> PROBLEM TO WORK ON
Please leave out pictures and print exactly the lines from the one that has "Picture of Blue" through the last line of the material below.

> SUPPLIED MATERIAL
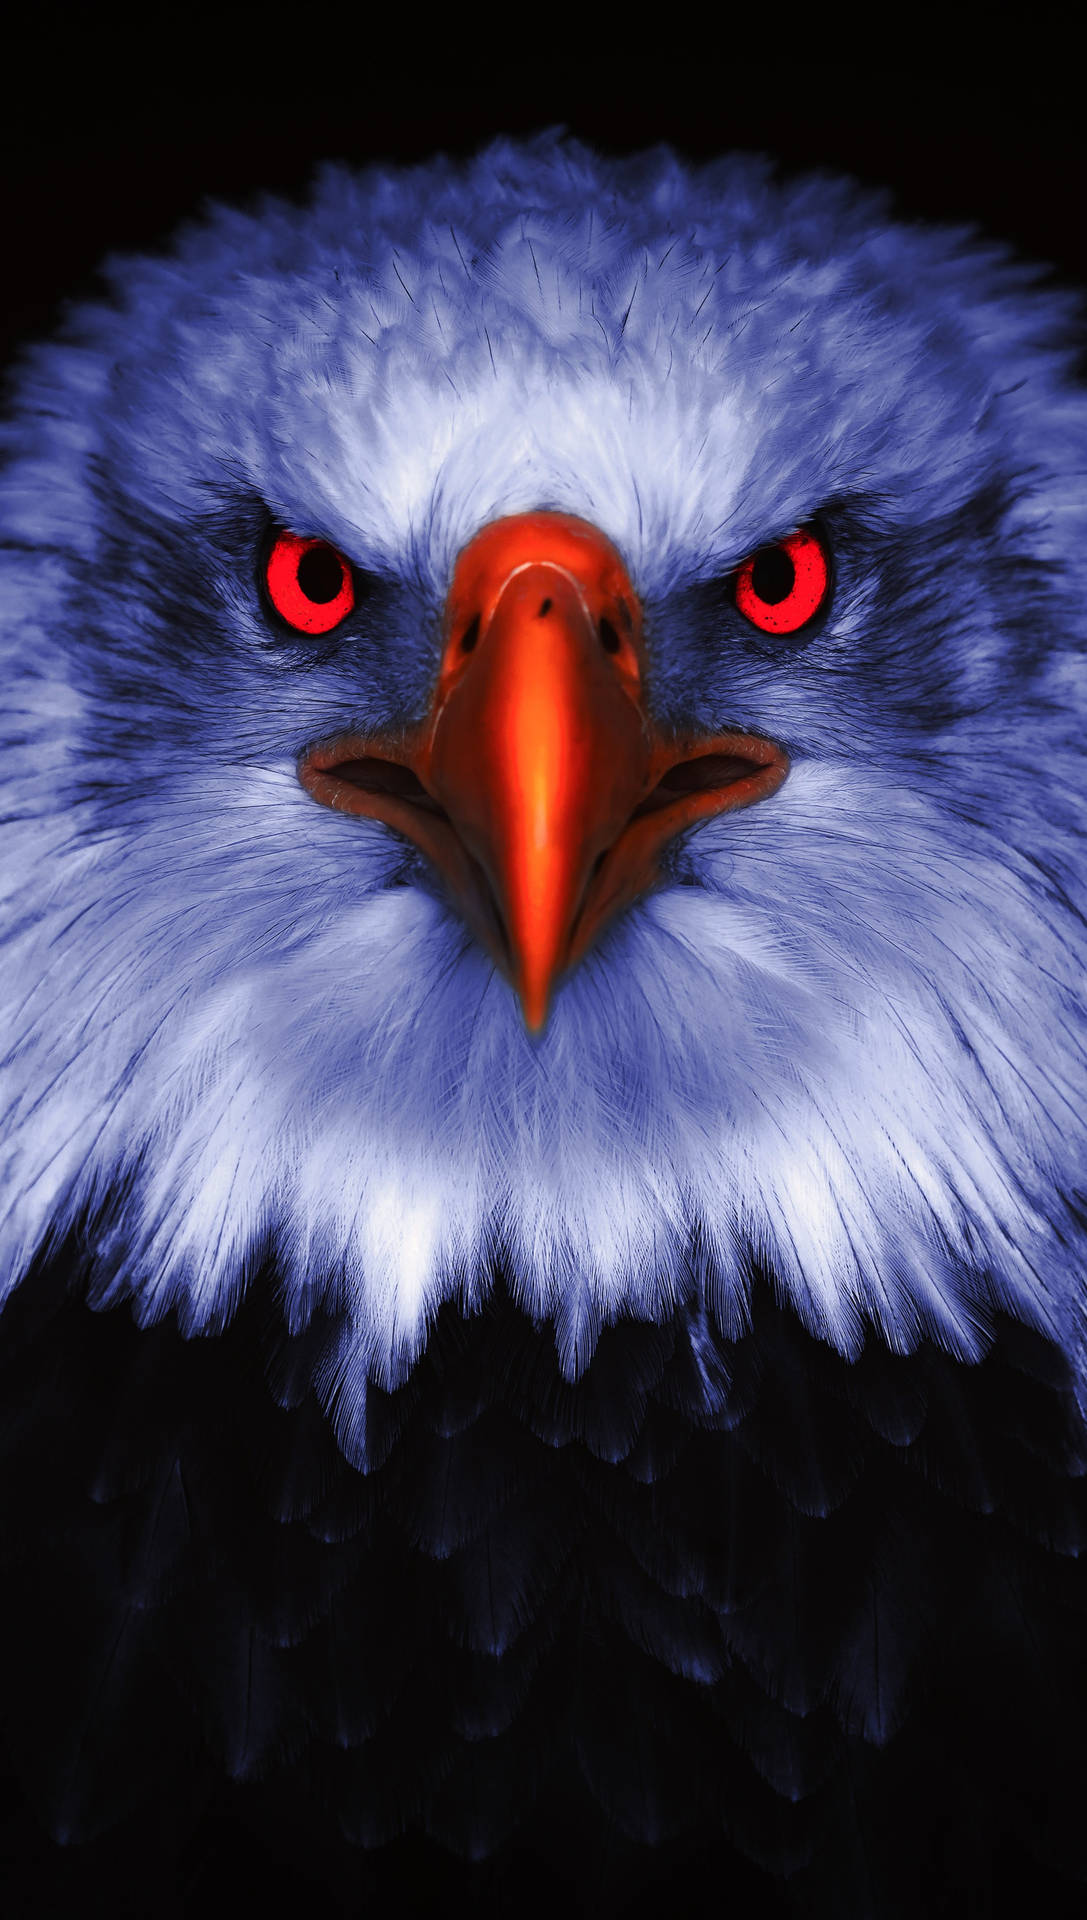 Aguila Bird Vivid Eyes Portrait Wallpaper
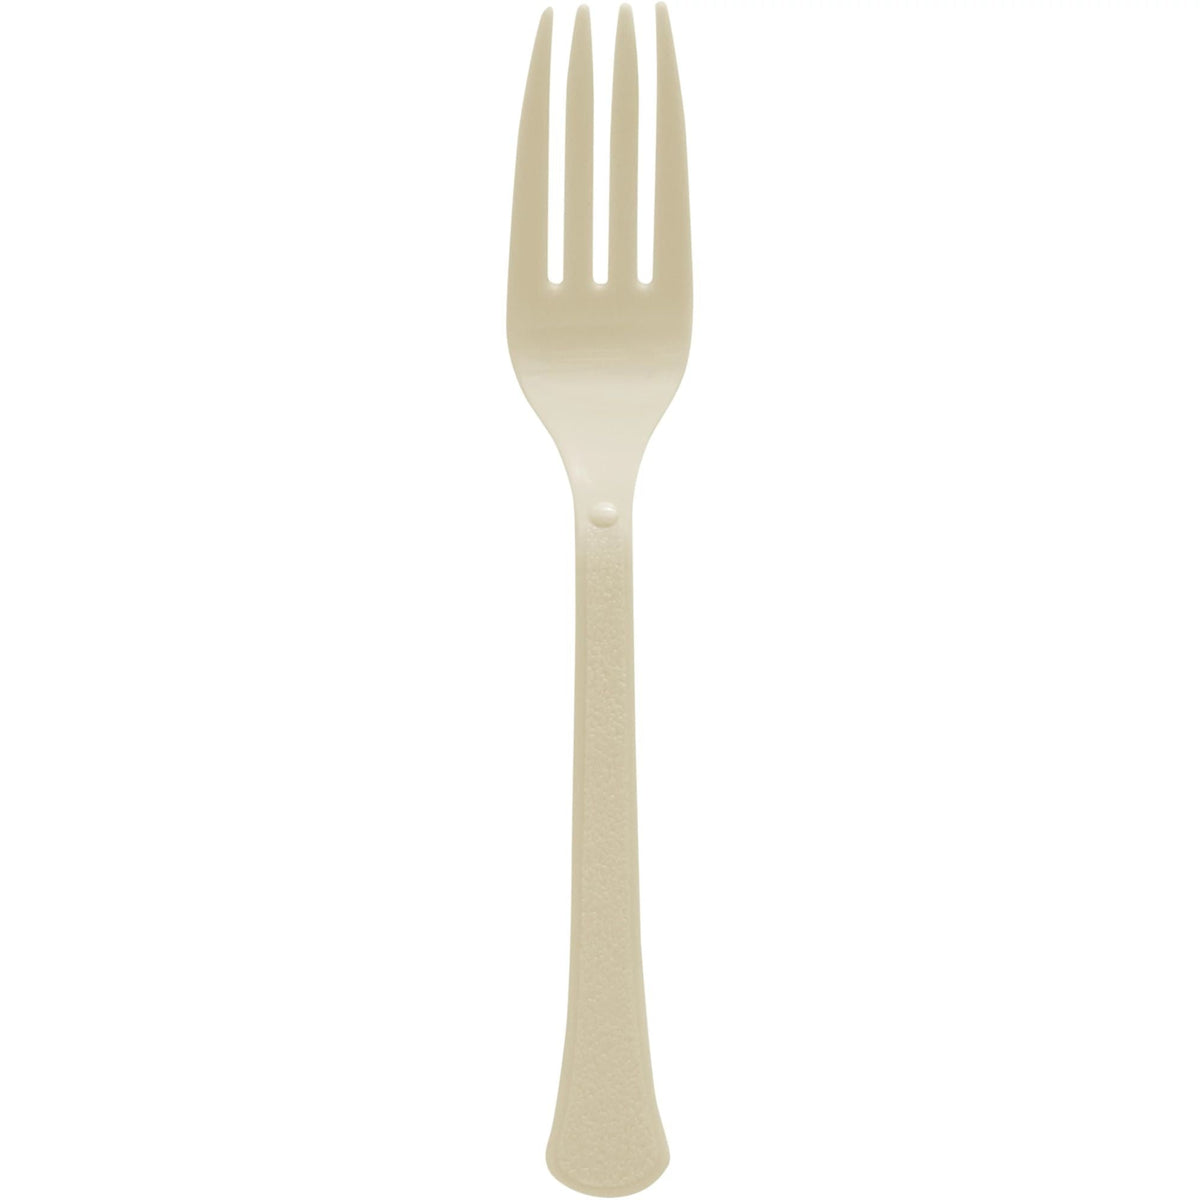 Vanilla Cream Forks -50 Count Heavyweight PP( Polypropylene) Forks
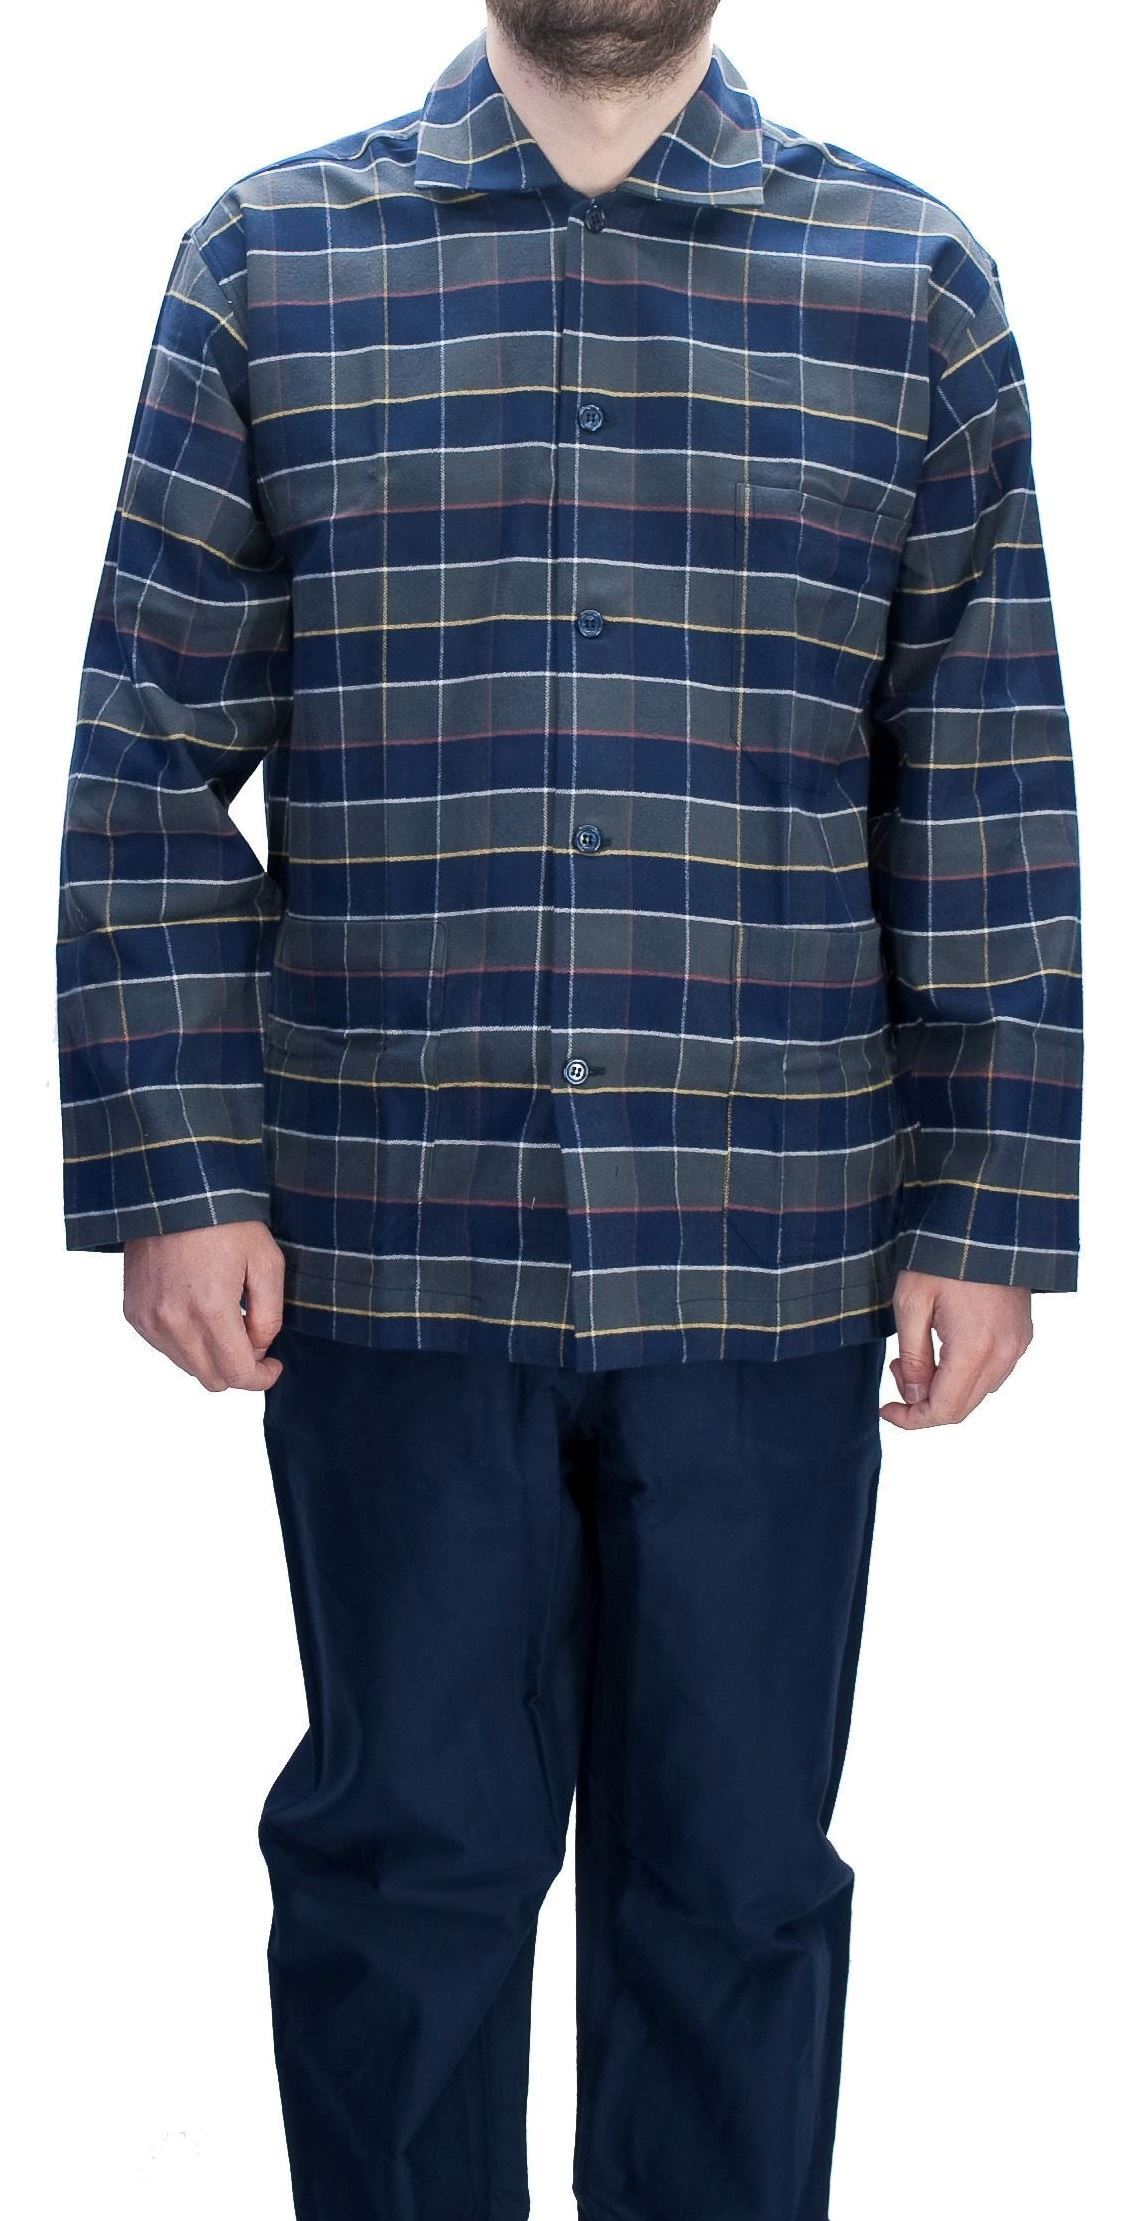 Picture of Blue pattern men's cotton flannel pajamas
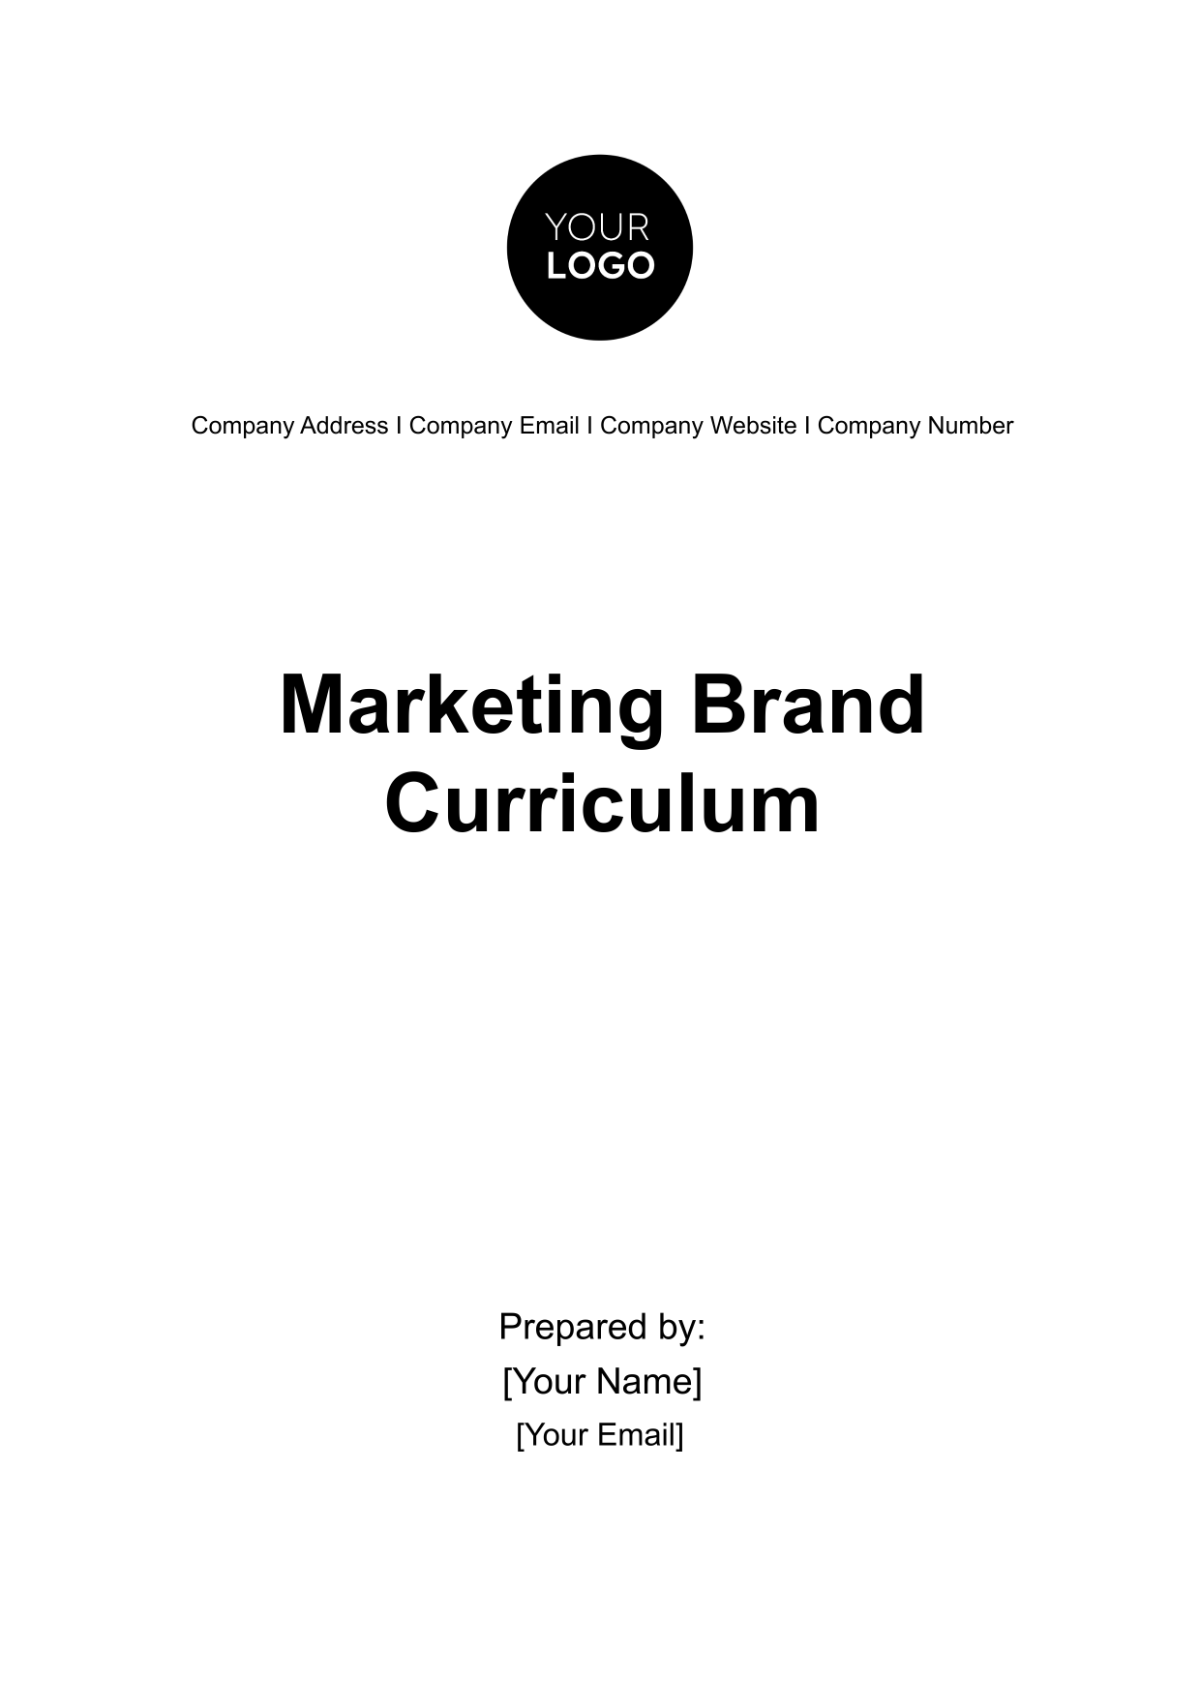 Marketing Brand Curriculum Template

> OUTPUT BELOW
 Picture of Blue pattern men's cotton flannel pajamas
 Marketing Brand Curriculum Template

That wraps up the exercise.